3 Problem formulation

Several common assumptions are made in this study given the relatively high complexity of MapReduce job scheduling. Some of these assumptions have been used in Nita et al. [27] and Wang and Shi [33]. These assumptions are as follows. (i) One or more free slot(s) are available at a given time in each node N = {n ₁, n ₂, .…, n _m} in the cluster, where the minimum number of tasks for the map is reduced to less than or equal to the available slots. (ii) Big data processing for each query is translated into one or more MapReduce job(s) J = {j ₁, j ₂, .…, j _h}, where each job has multiple tasks T = {t ₁, t ₂, .…, t _n}, which consist of a known number of map tasks N _m and reduce tasks N _r. (iii) The reduce tasks can only be launched when all the map tasks have been completed. (iv) For each map task, the exact amount of data processed S _m is known from the beginning and is equally distributed among map nodes. (v) Each job has arrival time A, deadline D, and allocated budget B for using the node. (vii) Sufficient resources are allocated for each task in the cloud, which implies that a node is never completed by more than one tasks, and its allocation is charged based on the actual time that it is used and the fixed service rate. Thus, before discussing the model for completion time and monetary cost, the definition of the problem is described as follows: A MapReduce job J is modeled as a workflow that consists of multiple tasks T. This workflow is a collection of independent map and reduce tasks executed in parallel and denoted as $ t=\left\{{t}_{m_1},{t}_{m_2},.\dots, {t}_{m_u},{t}_{r_1},{t}_{r_2},\dots ..{t}_{r_u}\right\} $. Each map/reduce task is run in a cloud VM known as a “node” with a possibly distinct performance configuration, and a different charge rate for each machine is deployed in the cluster. Each job has a particular number of slots assigned; these slots can be used by map and reduce tasks at any given time, where no reduce task can be started until all the map tasks for the job are completed. However, the same slots can be used by the mapper and the reducer. For each task, t _i, 0 ≤ i ≤ j, where $ {t}_i^u\le u\le N $ represents the time to run tasks $ {t}_i^u $ on node N.

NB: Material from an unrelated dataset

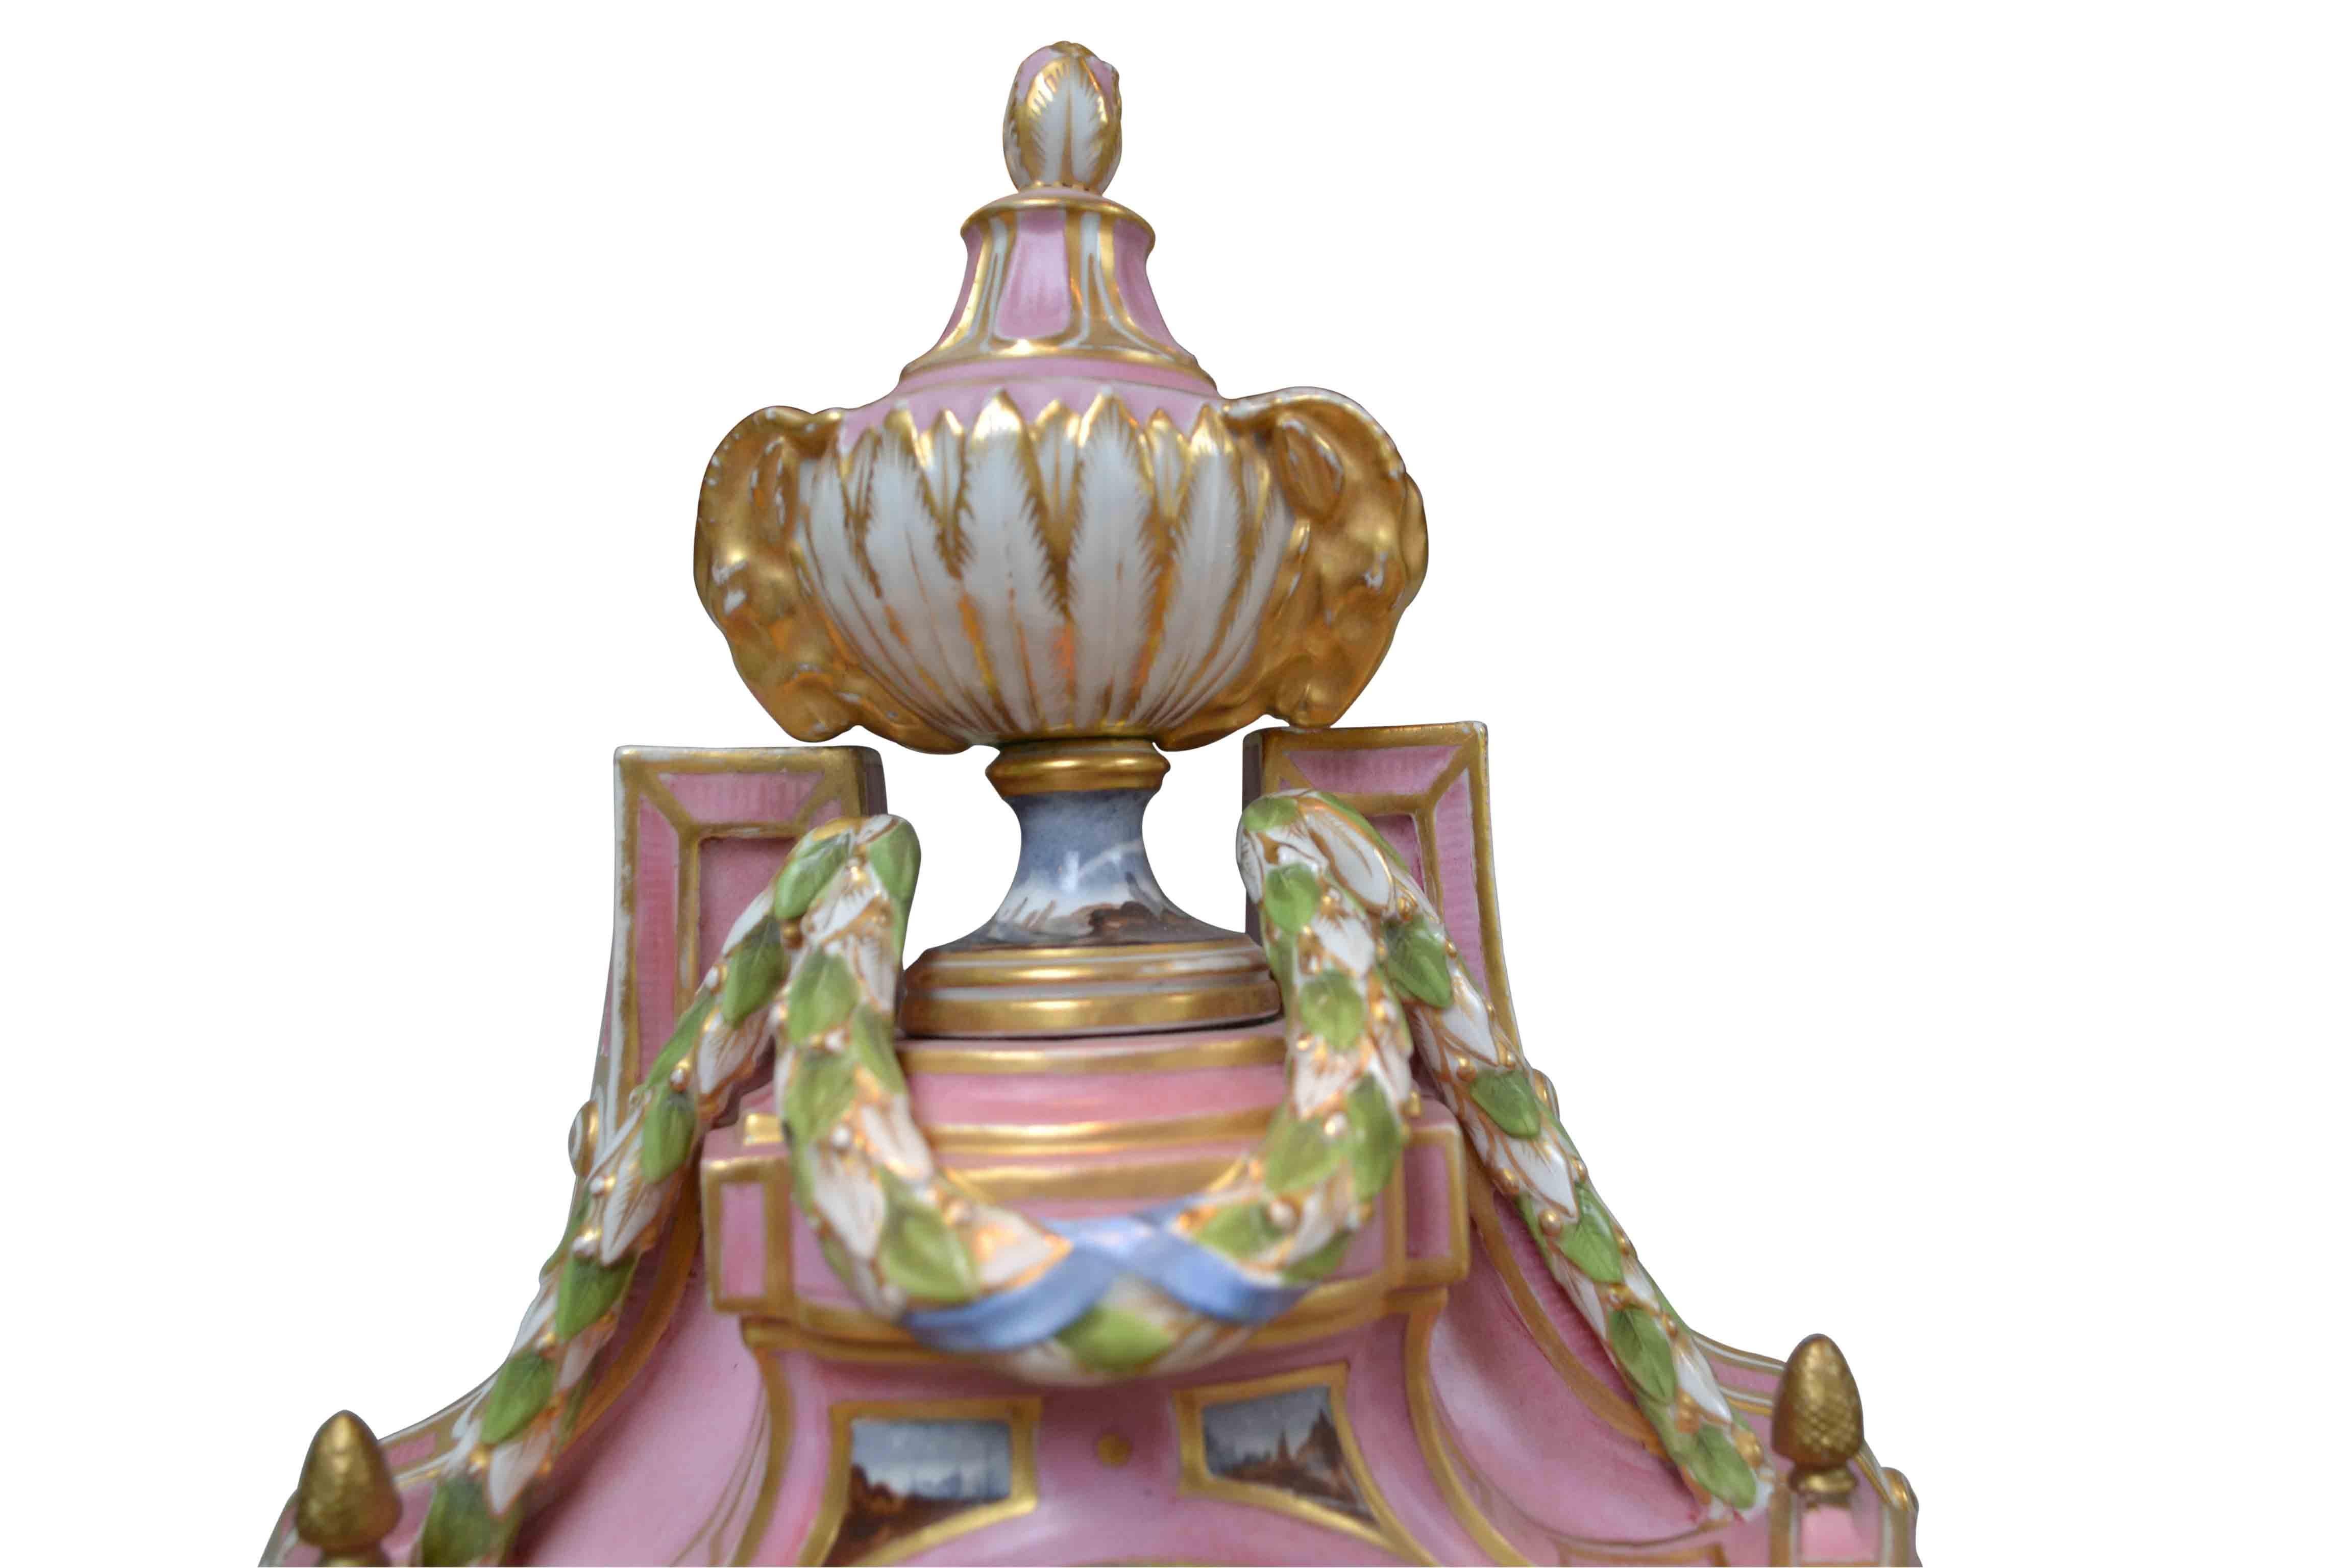 A finely decorated pink porcelain Cartel clock in the Louis XVI style; the predominantly pink case surmounted by a classical urn with goats heads and colored enamel swags. Below the white enamel dial with Roman numerals is a finely painted village

4 Multi-objective proposed model

The proposed model aims to identify the importance of resource allocation and job scheduling in the cloud by considering completion time and cost minimization models. These models are based on similar works by Kc and Anyanwu [19], Nita et al. [27], and W. Zhang et al. [37], who have proposed models that assist MapReduce jobs to meet the performance deadline with the monetary cost of using the cloud. Suitable schemes to adopt in the algorithms should be selected, particularly when the technical aspects of the chosen approach are considered. The proposed multi-objective scheduling algorithm is proposed to establish the relationship between resource allocation and job scheduling. This combination of resource allocation and task scheduling helps improve performance when processing a large amount of data using the MapReduce framework.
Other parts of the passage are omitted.